Panici wrote: Sep 27, 2022 6:56 AM What type of solder are you using for the repair?
Could be an issue with a "lead free" type of solder?
This is what I'm using (plus pic of the actual spool of solder):

https://www.diverseelectronics.com/prod ... ool-p6386/

Image
gadget73 wrote: Sep 27, 2022 9:16 AM generally when solder joints fail, it was because the initial prep was bad, it gets too hot, or its got some sort of mechanical problem that flexes the joint.

Re-work its more often not cleaning the crust from the original failed joint, or not getting it flowed through properly on a double sided board. Joints need to be clean, you need flux core solder, and a sufficiently hot iron to get the job done. If it balls up instead of flowing its either too cold or dirty. I'm not a fan of unleaded solder but it does work if your iron is hot enough. If its non-fluxed solder or some type not intended for electronics it won't mix properly with whatever is on the board either. Usually need 60/40 or 63/37 for this.

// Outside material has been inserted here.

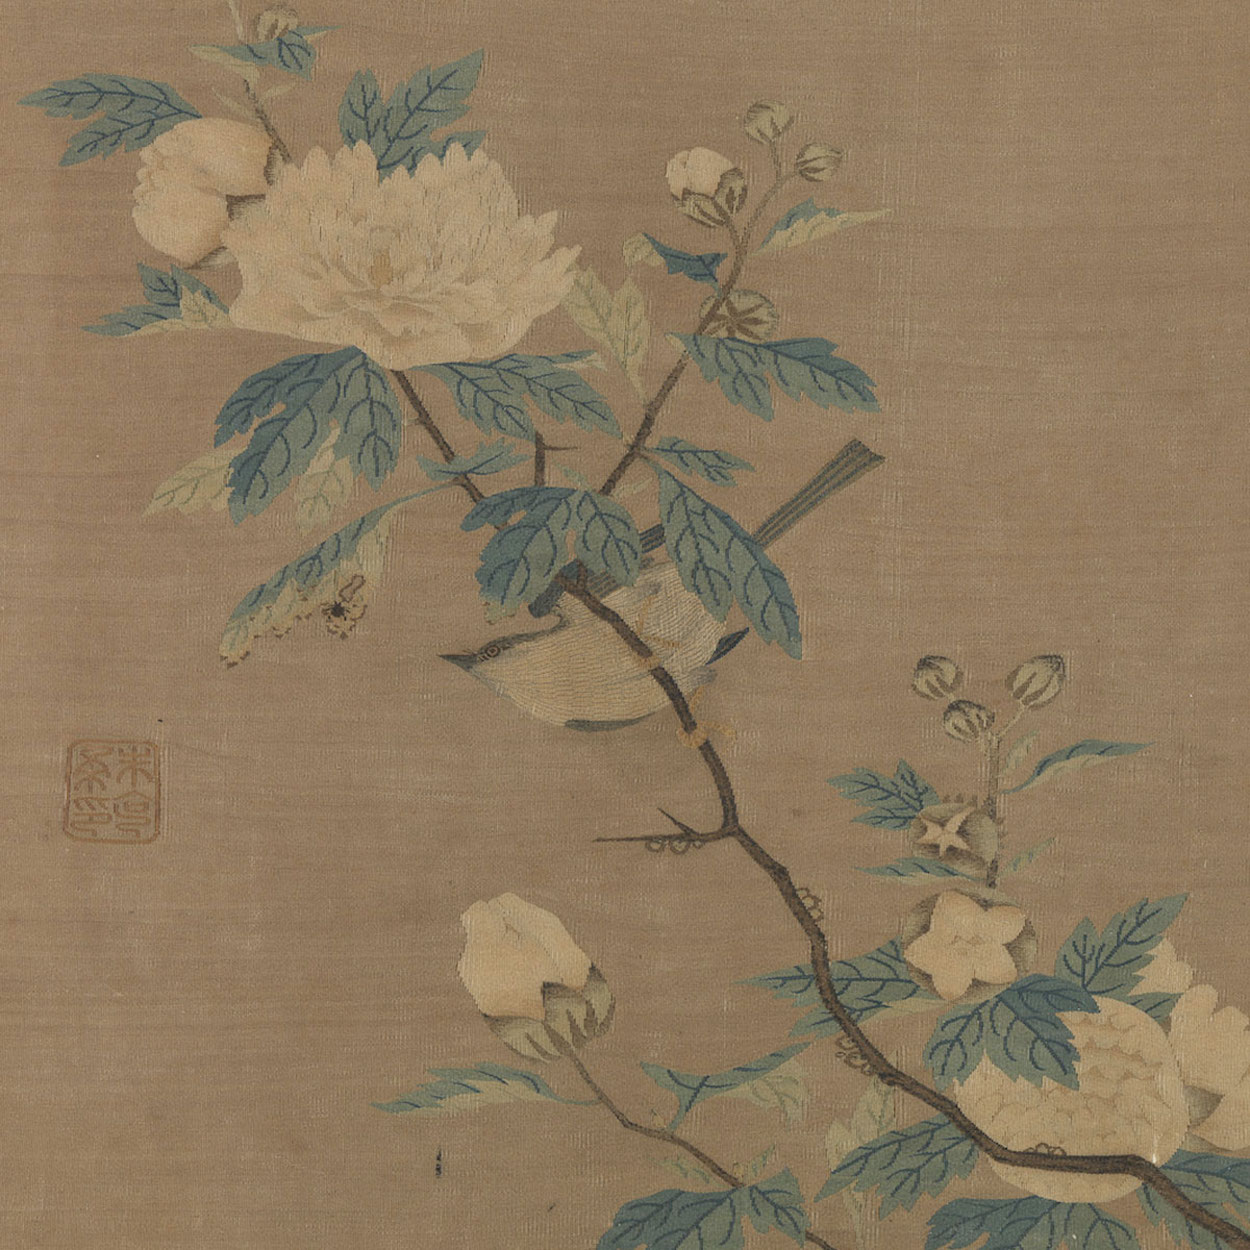 花鳥圖 by Zhu Kerou - 1127-1279

things that get too hot and de-solder themselves need a heat sink of some form. If its something already on a heat sink, replace the thermal goop. It dries out after decades, or someone was already in there and didn't replace it or just buttered it up like toast. A thin layer of the proper stuff is all it wants. I spread it with a razor blade after removing the old with alcohol. If there are burrs or something else that keeps the device from sitting flat and making good contact, file it off. If there are any insulator washers or spacers, be sure to replace those too.

if its a mechanical support issue, have to figure that one out depending on the specifics. Missing or loose hardware, or sometimes just poor initial design that doesn't put enough fasteners into the thing so the board and the thing attached to it don't move together.
I'm well aware of all that, but it's good information for others.

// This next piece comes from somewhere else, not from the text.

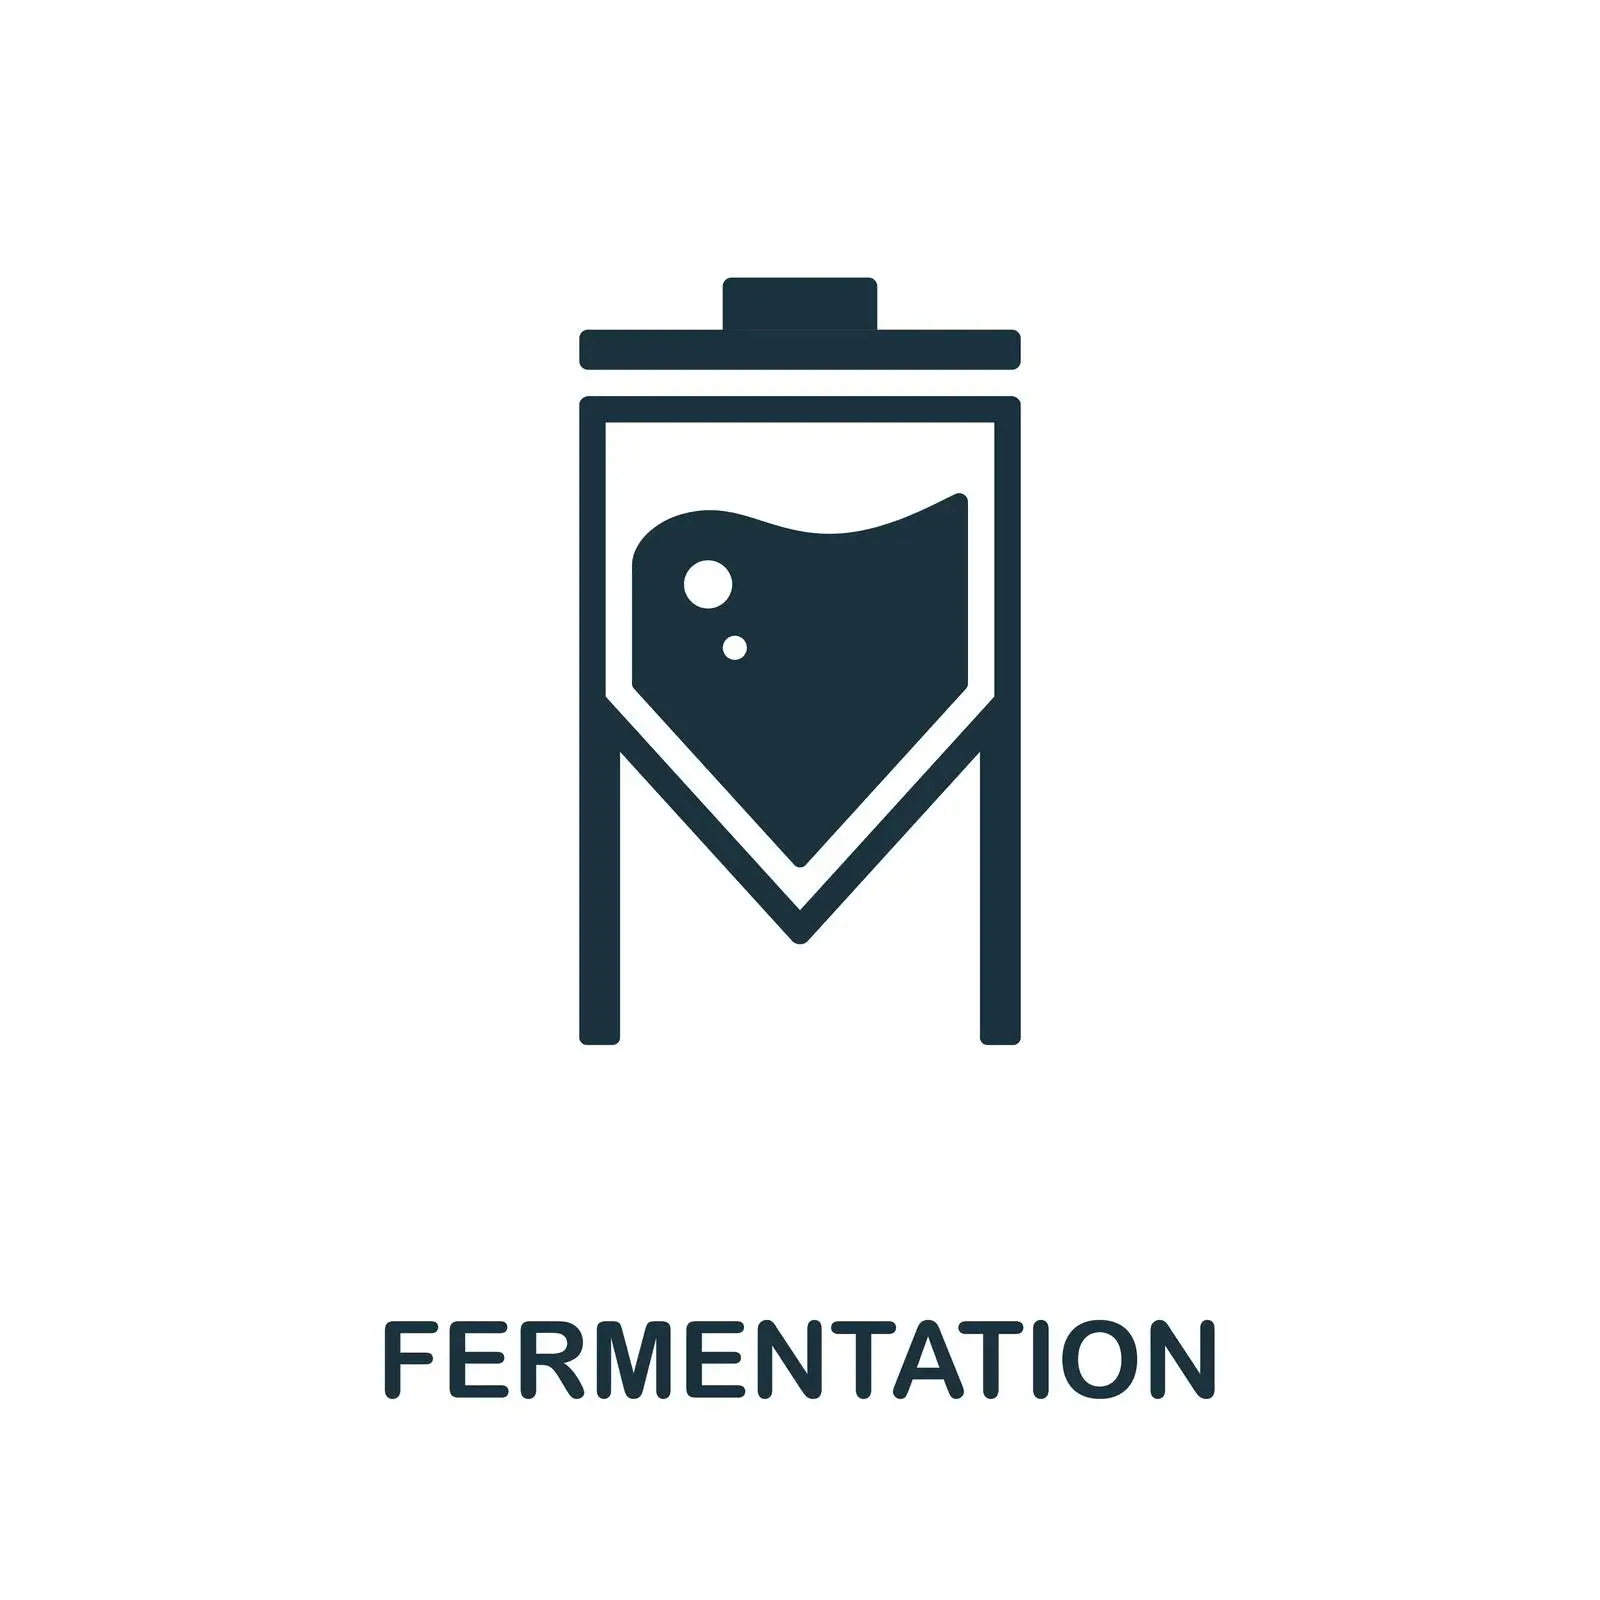 Ferment, Fermentation, Ferment icon

I cleaned the old stuff off properly the first time I did the repair, I am using appropriate solder, and the temperature is appropriate. I'm getting a nice, smooth wetting of everything I've soldered. There are no hardware/chemical bonding issues, and there's no heat sink paste in play.

IMPORTANT TO NOTE AND UNDERSTAND BEFORE RESPONDING FURTHER: My initial post was based on the symptoms which mimicked the exact symptoms I and others have experienced with this ECU solder failure previously. After re-soldering (including an additional joint at a capacitor) this time, the symptoms have not been alleviated. I am no longer looking at the ECU's solder joints as the cause of the problem(s). Further discussion is fine, of course, and will be useful for others, but I won't be participating WRT the ECU's solder joints being the issue for what I'm working on now.
Shawn D.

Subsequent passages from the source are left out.